Using the records that follow, reproduce exactly the lines starting at the line containing "Iron Man Armored" and ending at the line containing "tamween logo design". Include both end lines and no pictures.

** Data for this exercise follows **

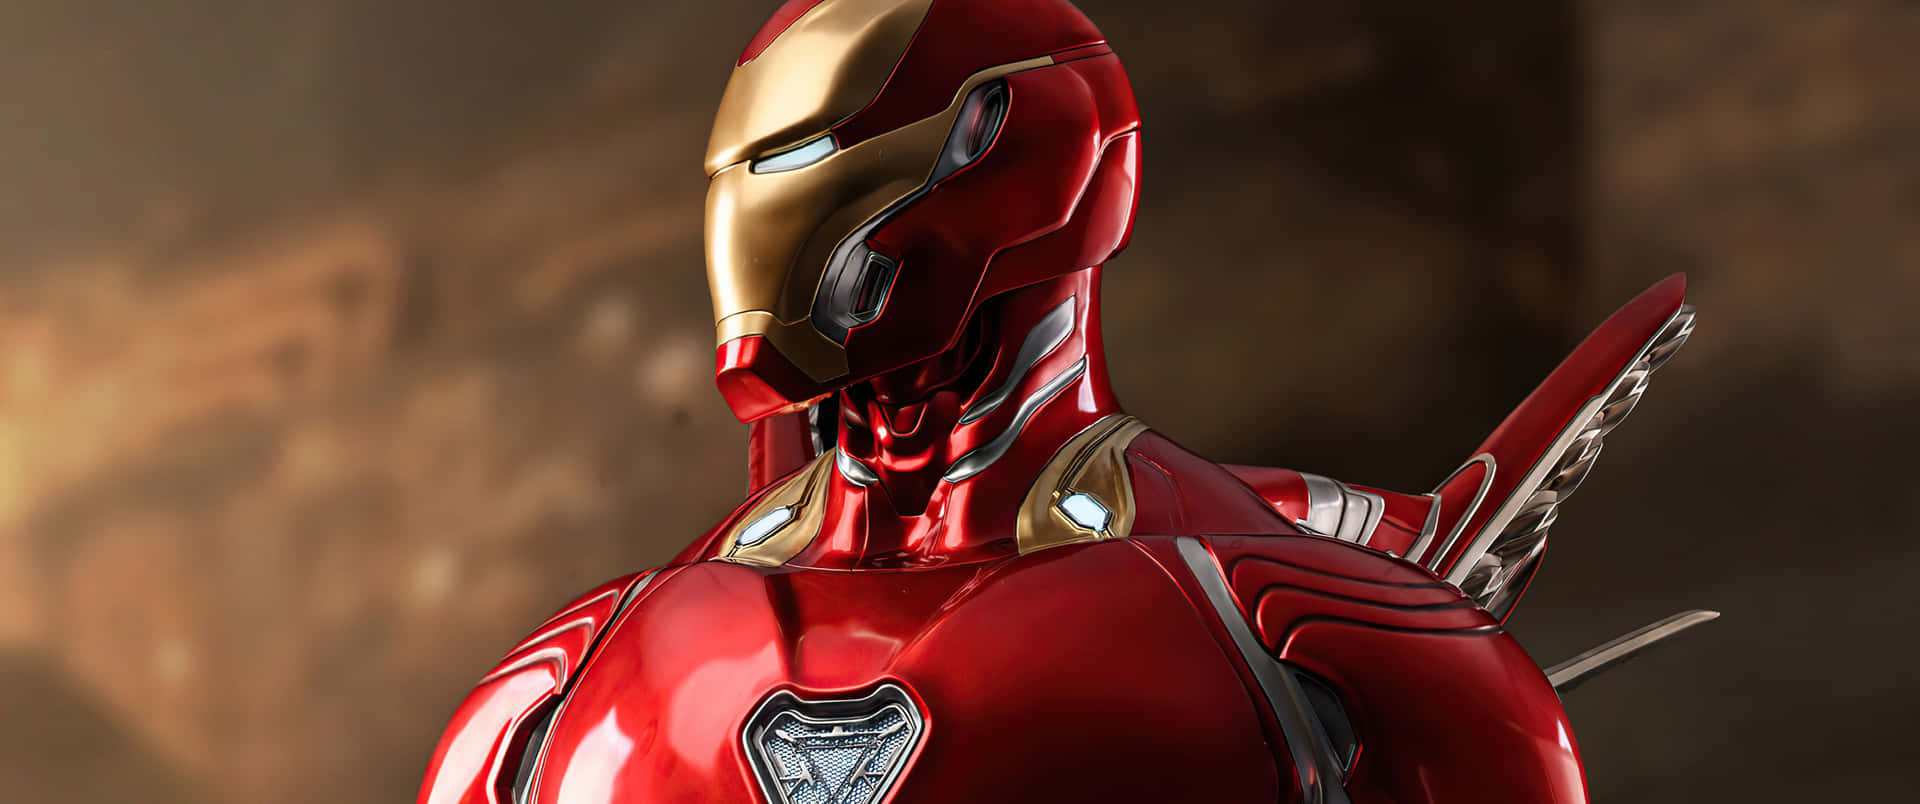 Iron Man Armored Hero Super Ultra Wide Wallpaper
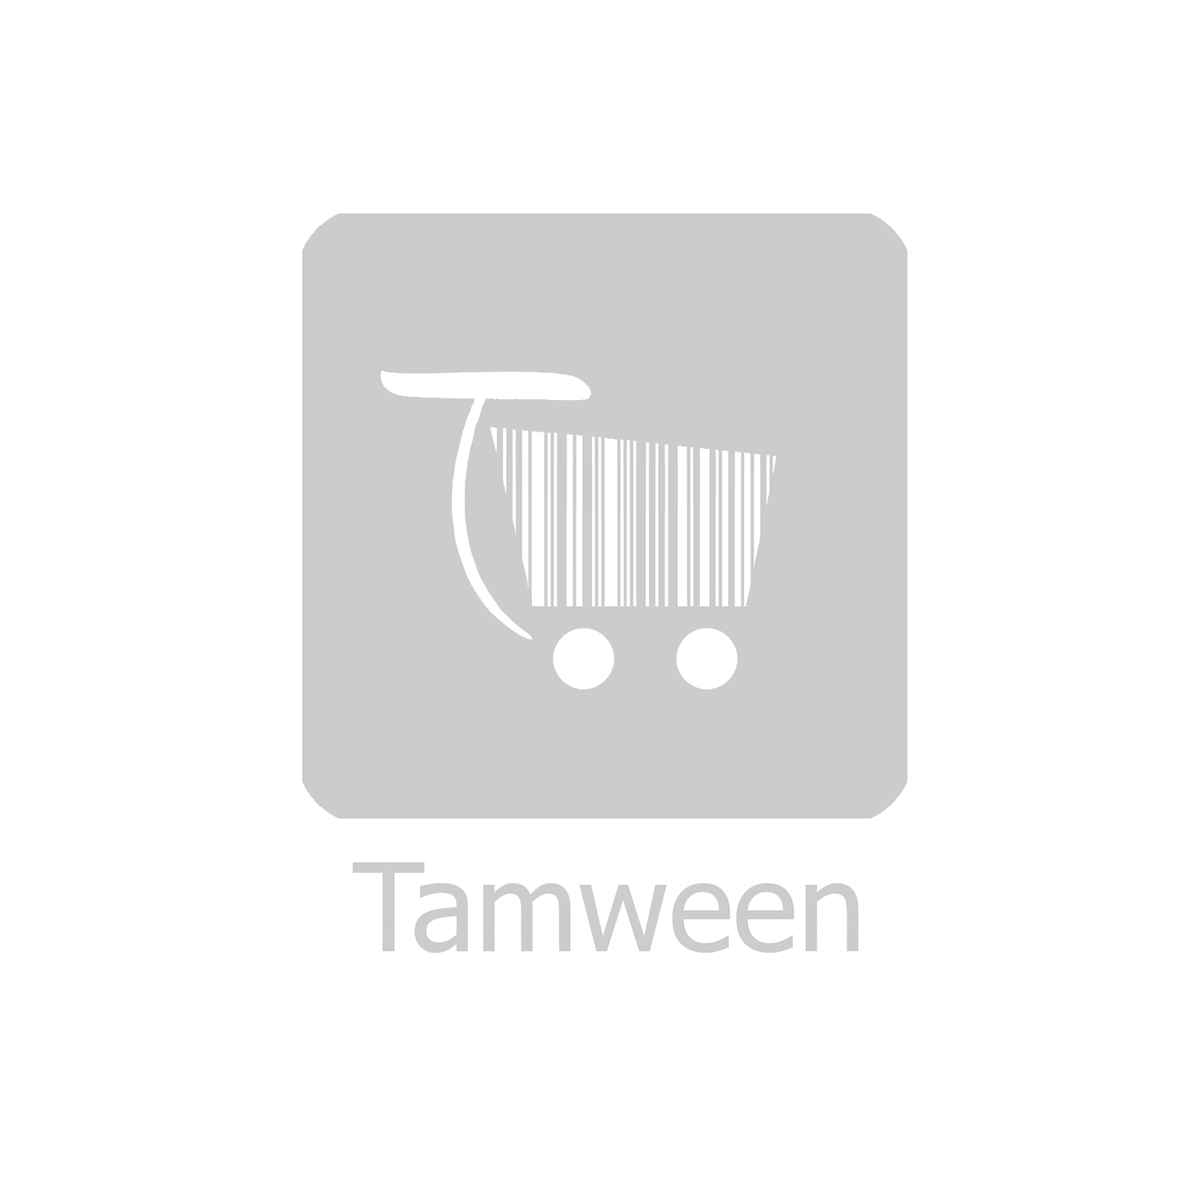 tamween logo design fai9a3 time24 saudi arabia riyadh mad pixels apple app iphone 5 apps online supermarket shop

** End of Data for this exercise **
** Data for this exercise follows **

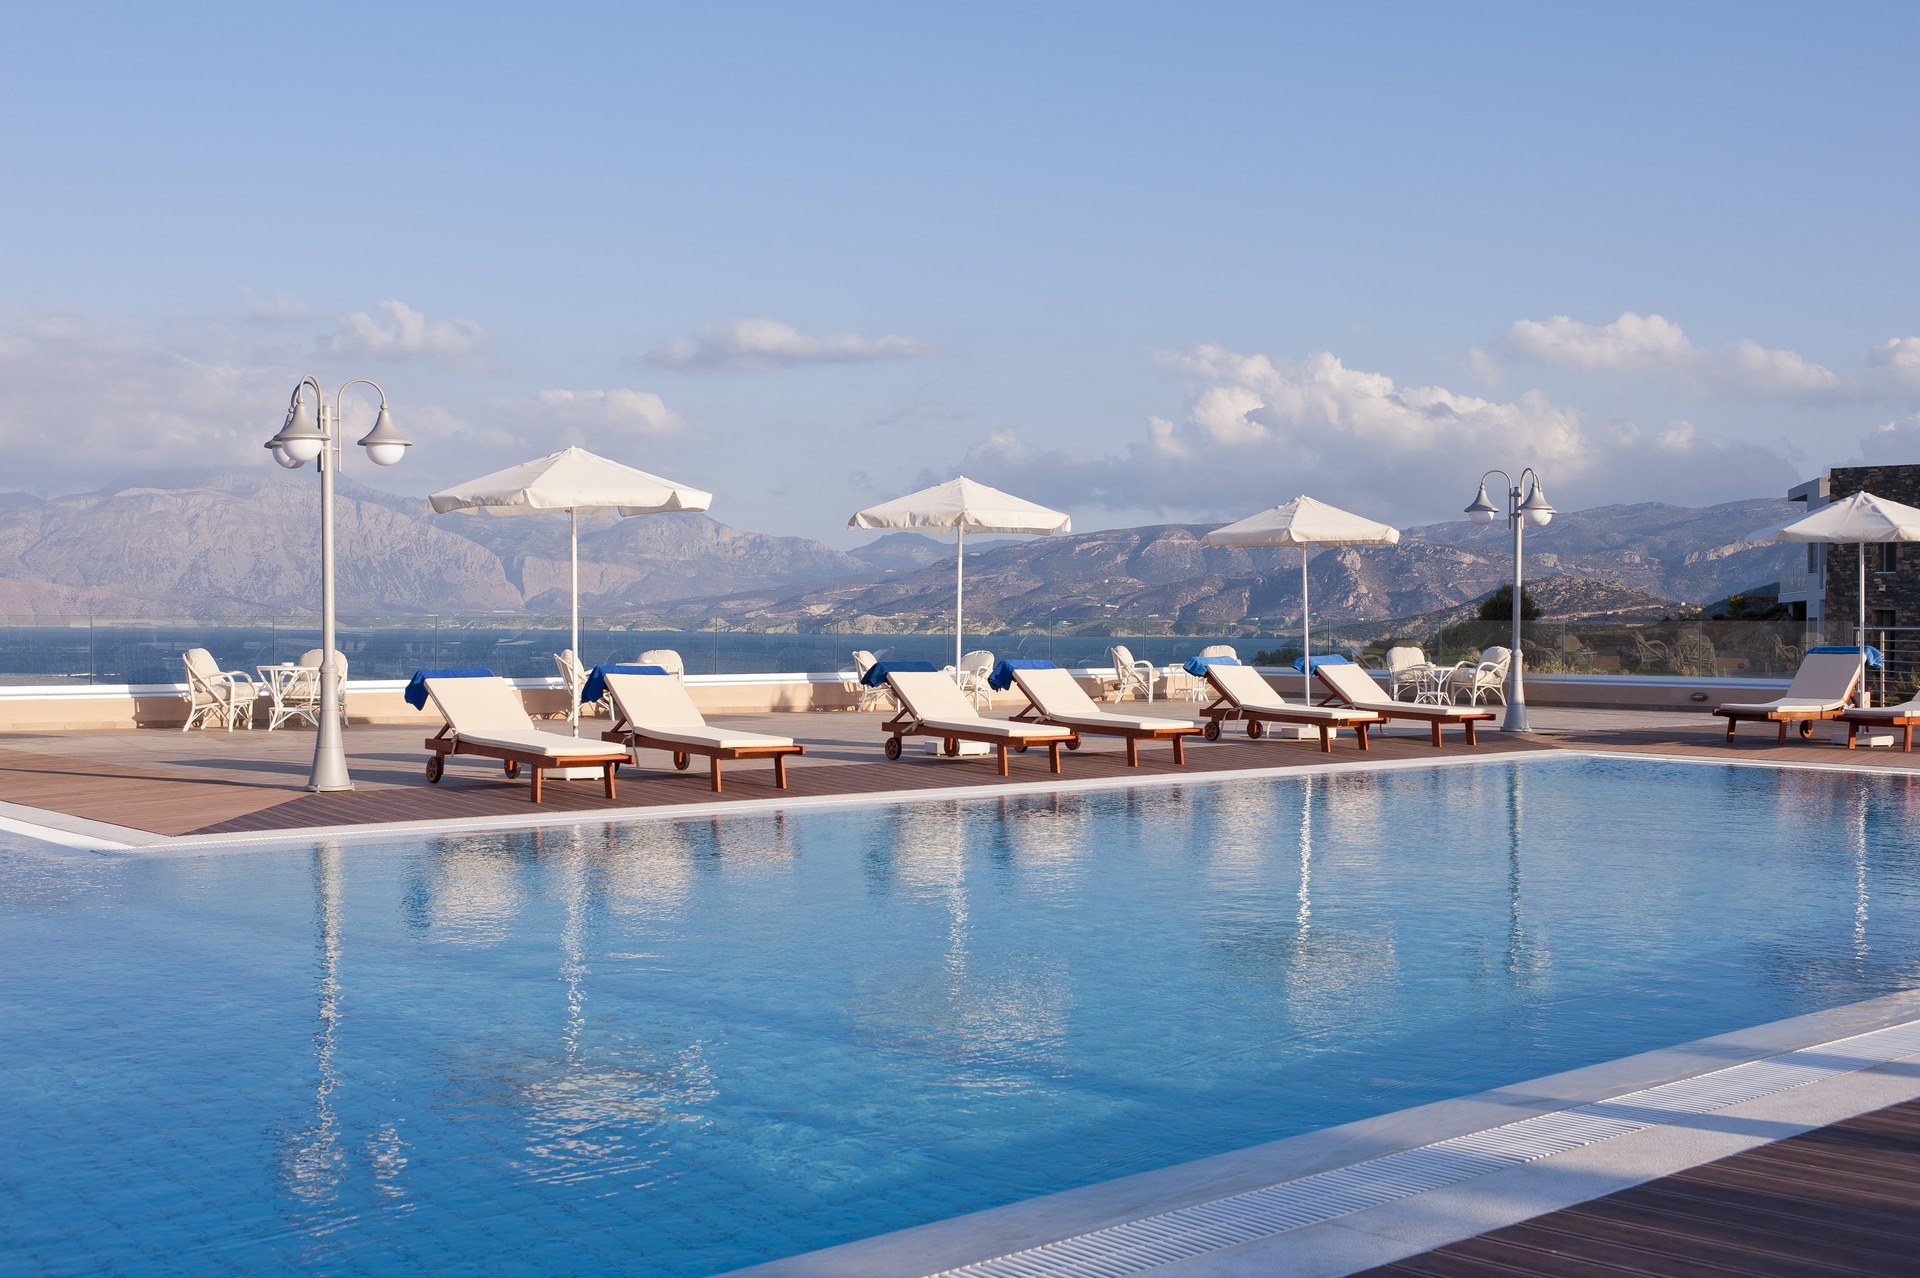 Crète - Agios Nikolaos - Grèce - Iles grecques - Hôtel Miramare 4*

** End of Data for this exercise **
** Data for this exercise follows **

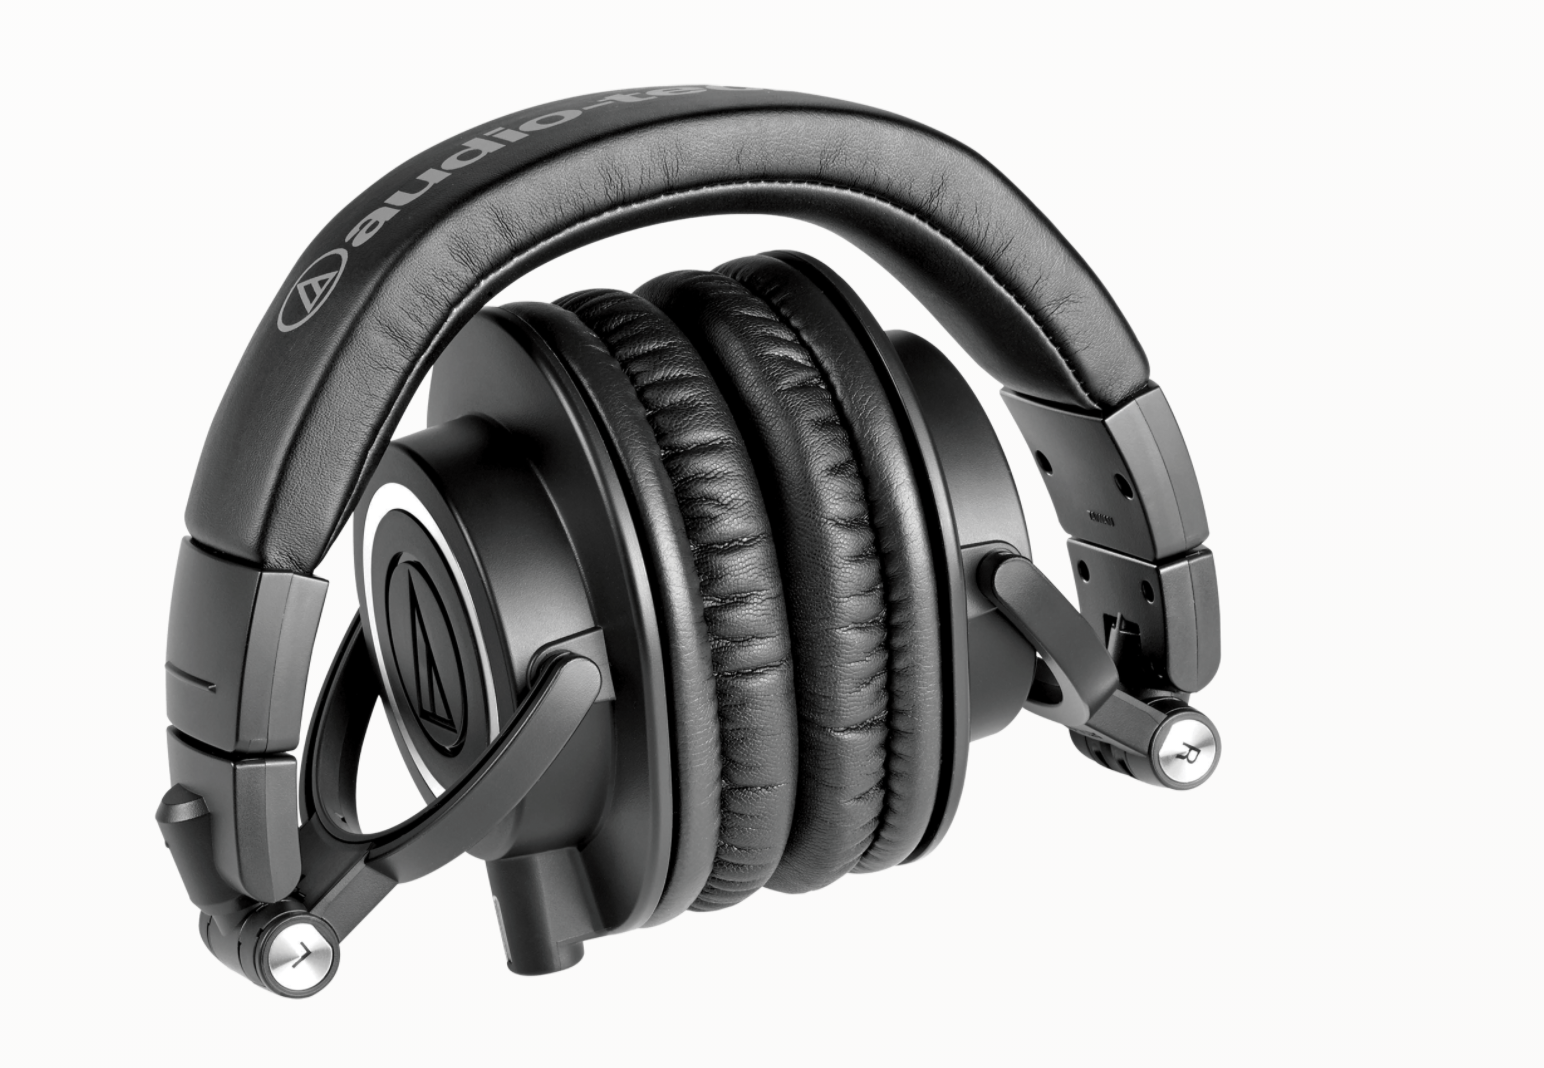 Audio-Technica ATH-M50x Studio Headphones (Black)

** End of Data for this exercise **

* **Task response**
 Iron Man Armored Hero Super Ultra Wide Wallpaper
 tamween logo design fai9a3 time24 saudi arabia riyadh mad pixels apple app iphone 5 apps online supermarket shop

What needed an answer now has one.